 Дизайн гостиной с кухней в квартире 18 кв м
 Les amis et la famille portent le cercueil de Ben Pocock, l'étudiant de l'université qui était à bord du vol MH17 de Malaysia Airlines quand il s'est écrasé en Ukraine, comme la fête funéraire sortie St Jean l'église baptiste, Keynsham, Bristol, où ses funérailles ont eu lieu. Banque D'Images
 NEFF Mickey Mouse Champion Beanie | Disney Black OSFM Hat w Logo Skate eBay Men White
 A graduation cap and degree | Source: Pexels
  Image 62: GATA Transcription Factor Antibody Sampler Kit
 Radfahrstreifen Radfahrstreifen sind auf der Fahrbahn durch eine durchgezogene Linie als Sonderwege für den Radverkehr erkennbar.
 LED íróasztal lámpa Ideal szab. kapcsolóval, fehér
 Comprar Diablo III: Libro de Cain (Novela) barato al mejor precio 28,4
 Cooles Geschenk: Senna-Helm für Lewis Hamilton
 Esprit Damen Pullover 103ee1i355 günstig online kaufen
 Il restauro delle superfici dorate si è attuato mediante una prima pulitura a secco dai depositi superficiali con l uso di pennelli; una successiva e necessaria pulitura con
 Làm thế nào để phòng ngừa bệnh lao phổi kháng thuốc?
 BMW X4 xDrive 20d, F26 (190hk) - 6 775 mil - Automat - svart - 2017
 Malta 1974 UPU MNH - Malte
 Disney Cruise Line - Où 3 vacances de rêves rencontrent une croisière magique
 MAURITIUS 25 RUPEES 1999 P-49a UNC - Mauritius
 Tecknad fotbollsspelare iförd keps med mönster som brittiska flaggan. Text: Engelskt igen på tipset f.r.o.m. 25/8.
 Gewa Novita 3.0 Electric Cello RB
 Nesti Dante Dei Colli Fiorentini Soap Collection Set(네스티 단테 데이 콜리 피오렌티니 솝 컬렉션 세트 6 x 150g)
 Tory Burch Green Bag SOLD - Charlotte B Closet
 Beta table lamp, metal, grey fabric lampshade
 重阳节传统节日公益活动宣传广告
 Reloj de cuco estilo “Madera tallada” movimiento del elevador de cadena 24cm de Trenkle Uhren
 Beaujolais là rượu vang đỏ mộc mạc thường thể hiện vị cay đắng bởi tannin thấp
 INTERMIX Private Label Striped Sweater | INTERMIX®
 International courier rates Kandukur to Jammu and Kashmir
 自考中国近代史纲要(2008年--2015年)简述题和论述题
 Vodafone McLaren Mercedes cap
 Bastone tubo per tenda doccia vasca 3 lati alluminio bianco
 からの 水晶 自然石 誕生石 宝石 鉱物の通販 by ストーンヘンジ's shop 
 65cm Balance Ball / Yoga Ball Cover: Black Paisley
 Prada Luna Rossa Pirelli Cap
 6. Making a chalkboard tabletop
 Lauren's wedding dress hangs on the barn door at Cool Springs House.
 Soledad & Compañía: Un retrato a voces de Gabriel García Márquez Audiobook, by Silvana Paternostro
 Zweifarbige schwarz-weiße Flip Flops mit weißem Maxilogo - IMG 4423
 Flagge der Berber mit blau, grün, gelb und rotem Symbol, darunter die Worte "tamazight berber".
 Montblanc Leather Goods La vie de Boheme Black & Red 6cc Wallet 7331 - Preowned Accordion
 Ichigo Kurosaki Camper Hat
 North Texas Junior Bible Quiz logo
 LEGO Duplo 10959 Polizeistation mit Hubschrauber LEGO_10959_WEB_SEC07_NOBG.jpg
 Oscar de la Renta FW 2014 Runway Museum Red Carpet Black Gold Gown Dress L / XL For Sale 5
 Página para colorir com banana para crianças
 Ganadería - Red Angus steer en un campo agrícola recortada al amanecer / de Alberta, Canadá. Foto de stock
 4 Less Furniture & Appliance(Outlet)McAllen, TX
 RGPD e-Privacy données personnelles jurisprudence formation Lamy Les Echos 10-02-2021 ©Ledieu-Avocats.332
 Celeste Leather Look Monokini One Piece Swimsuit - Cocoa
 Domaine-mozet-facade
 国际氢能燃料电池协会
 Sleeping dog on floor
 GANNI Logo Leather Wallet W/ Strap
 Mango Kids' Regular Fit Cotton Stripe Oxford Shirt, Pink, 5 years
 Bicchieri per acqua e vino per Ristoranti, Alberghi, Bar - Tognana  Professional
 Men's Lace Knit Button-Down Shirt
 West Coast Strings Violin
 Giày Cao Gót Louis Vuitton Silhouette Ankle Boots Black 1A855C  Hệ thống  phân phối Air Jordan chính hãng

- - -

> EXERCISE
Out of the listing above, reproduce exactly the lines from the one with "North Texas Junior Bible Quiz logo" up to and including the one with "GANNI Logo Leather Wallet W/ Strap".

> FINAL ANSWER
 North Texas Junior Bible Quiz logo
 LEGO Duplo 10959 Polizeistation mit Hubschrauber LEGO_10959_WEB_SEC07_NOBG.jpg
 Oscar de la Renta FW 2014 Runway Museum Red Carpet Black Gold Gown Dress L / XL For Sale 5
 Página para colorir com banana para crianças
 Ganadería - Red Angus steer en un campo agrícola recortada al amanecer / de Alberta, Canadá. Foto de stock
 4 Less Furniture & Appliance(Outlet)McAllen, TX
 RGPD e-Privacy données personnelles jurisprudence formation Lamy Les Echos 10-02-2021 ©Ledieu-Avocats.332
 Celeste Leather Look Monokini One Piece Swimsuit - Cocoa
 Domaine-mozet-facade
 国际氢能燃料电池协会
 Sleeping dog on floor
 GANNI Logo Leather Wallet W/ Strap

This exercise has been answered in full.